Aqui, veja. –Disse o empresário apontando o dedo em direção a tela.

No final do século dezenove,ela foi usada para um ritual satânico. Um grupo de seis pessoas invadiu e matou uma família inteira composta de quatro pessoas;O pai Pedro Fonseca,a mãe Maria Pereira,e os gêmeos Isabela Fonseca e Getulio Fonseca.

O corpo do pai foi encontrado degolado na sala,sua cabeça estava encravada na entrada da cozinha por uma estaca. A mãe sofreu abusos sexuais antes de ser crucificada de cabeça para baixo. As crianças foram levadas até a área de serviço da casa e incendiadas,os lunáticos,comeram os restos mortais ,acreditando que a pureza delas passariam para eles.

Desenharam um pentagrama com sangue de porco no chão, cometeram um suicídio coletivo. Um livro encontrado com eles,fez as autoridades chegarem a seguinte conclusão: Eles acreditavam que fazendo aquilo eles renasceriam mais poderosos,viveriam para sempre e teriam o domínio sobre tudo o que era mortal.

-Uau. Respondeu ela. Tem gente que acredita nessas baboseiras.

-Na metade do século vinte. Foram registrados quatro casos de suicido na casa.

Em 1997, os vizinhos pediram a prefeitura local que o casarão fosse demolido,porque ouviam gritos e barulhos vindo da casa,como era época de eleição, o prefeito aprovou o projeto que previa a demolição, foram enviados quatro tratores para fazer o serviço e adivinha o que aconteceu?

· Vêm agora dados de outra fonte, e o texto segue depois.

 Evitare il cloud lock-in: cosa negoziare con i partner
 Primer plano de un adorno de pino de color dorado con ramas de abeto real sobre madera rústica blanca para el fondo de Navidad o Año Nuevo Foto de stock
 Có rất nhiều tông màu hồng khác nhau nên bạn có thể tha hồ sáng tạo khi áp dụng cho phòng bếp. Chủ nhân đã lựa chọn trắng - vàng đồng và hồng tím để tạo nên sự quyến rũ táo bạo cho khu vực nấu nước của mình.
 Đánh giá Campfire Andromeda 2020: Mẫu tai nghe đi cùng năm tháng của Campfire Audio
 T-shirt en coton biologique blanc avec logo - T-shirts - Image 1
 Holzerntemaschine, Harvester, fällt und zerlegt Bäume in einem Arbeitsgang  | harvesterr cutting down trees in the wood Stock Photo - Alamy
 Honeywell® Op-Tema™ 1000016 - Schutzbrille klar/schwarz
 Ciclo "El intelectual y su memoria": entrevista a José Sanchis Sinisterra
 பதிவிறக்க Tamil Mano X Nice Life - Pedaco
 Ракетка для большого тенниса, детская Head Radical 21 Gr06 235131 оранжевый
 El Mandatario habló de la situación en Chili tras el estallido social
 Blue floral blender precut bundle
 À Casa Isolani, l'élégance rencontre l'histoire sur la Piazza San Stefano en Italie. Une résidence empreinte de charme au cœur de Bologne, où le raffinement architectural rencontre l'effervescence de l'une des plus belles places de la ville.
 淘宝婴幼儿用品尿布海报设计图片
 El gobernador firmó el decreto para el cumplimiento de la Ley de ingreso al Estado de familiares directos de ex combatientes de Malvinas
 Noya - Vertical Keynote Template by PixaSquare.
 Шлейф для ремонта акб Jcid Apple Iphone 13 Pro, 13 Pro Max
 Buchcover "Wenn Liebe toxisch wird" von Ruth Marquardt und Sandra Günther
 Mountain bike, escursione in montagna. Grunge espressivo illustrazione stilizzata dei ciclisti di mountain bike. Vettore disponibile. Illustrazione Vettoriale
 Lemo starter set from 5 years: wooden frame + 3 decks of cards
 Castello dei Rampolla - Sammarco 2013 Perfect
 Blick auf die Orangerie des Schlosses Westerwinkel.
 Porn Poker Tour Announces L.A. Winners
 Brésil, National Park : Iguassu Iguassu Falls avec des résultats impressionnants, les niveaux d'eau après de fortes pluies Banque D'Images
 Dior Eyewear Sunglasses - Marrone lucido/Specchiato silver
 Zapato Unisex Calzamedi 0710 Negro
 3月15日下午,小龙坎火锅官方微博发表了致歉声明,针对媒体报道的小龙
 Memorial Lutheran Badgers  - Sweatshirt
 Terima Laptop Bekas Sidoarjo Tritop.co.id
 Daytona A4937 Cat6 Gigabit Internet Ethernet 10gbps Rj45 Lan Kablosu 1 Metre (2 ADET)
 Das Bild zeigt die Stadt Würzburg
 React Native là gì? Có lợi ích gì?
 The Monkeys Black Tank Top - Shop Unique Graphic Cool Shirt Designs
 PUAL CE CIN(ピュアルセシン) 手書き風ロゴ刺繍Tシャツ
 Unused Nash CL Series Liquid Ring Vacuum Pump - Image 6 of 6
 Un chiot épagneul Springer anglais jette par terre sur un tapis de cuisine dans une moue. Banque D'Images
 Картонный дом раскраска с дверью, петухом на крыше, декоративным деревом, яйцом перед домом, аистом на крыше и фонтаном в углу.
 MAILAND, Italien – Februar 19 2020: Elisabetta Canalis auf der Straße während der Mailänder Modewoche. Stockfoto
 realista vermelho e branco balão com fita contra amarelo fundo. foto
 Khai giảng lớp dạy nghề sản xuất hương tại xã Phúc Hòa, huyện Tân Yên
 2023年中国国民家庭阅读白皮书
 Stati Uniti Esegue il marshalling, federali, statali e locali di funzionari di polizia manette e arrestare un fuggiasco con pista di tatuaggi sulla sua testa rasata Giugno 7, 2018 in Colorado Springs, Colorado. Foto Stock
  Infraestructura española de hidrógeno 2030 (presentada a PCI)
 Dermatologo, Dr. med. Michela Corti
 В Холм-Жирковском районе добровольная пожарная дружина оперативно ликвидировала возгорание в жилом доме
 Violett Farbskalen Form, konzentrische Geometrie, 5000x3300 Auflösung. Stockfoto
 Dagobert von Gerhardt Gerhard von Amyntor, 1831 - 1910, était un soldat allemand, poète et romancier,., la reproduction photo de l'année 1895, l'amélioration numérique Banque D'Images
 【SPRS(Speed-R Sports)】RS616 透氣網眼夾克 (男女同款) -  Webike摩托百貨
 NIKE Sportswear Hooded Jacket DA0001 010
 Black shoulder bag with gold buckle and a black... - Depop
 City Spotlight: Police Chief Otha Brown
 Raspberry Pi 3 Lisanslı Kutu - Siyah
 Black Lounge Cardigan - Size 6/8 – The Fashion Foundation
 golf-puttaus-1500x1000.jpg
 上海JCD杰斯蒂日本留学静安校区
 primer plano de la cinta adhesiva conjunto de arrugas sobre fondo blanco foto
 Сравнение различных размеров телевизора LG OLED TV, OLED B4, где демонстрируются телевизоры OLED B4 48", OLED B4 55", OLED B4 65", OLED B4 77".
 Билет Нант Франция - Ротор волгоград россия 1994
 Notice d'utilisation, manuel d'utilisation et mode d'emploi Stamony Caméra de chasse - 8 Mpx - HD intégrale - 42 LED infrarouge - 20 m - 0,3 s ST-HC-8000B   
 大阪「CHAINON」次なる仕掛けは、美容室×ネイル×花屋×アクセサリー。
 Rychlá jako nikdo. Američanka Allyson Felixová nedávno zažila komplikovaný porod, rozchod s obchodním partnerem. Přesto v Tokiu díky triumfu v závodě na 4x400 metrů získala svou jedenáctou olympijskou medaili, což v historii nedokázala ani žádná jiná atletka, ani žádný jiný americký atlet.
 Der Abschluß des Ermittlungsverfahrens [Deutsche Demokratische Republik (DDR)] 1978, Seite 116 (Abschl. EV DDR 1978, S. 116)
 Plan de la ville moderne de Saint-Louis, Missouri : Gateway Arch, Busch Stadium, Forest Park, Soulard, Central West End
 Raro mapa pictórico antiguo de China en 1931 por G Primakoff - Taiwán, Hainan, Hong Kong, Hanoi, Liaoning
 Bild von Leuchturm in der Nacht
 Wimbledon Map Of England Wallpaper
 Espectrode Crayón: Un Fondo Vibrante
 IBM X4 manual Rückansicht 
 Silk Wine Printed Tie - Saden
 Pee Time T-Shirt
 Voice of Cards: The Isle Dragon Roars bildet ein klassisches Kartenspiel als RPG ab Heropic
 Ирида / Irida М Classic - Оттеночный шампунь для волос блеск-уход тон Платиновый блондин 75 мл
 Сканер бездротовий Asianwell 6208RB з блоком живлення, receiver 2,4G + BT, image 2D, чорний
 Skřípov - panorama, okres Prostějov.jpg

-Conte-me. Respondeu Tânia com uma voz que expressava toda a sua chateação com a história.

Sem se importar com o pouco caso dela,o empresário continuou lendo.

-Todos eles enguiçaram ao mesmo tempo. Não acha isso incrível?

E não é só isso. Vinte homens que estavam trabalhando no local sofreram algum tipo de doença os impossibilitando de terminar o serviço, com as dificuldades ocorridas o prefeito decidiu que o casarão ficaria de pé.

- É um excelente lugar para a minha volta ao topo. Disse Tânia sentando no colo do empresário. – Você está muito cheirosa hoje, que perfume está usando?

-Isso é segredo. Respondeu Tânia enquanto beijava seu empresário.

Na noite seguinte Tânia chegou atrasada. Toda a equipe já estava a sua espera.

-Onde você estava? Perguntou Heleno.

Me perdi. Contou ela.

Tudo bem. Já está tudo arrumado as câmeras já estão instaladas para você passar a noite.

Colocamos uma tv na sala para não ficar entediada.

Tânia, não levava muita coisa na sua bolsa,apenas um pouco de dinheiro,alguns absorventes e sua chave de fenda da sorte. Foi com ela que tinha se protegido durante uma briga com seu pai,depois disso a carregou para qualquer lugar que ela fosse.

Ao entrar no casarão maravilhou-se com as pinturas na parede em tom pastel. no chão havia um enorme tapete que cobria toda a extensão da sala. Uma grande escadaria que se localizava no norte da casa, levava até os quartos,enquanto que ao seu lado esquerdo uma grande porta de vidro,de aproximadamente dois metros e meio fazia a divisão entre sala e a cozinha.

-Você vai ficar bem? Perguntou Heleno. –Sim. Disse respondeu Tânia.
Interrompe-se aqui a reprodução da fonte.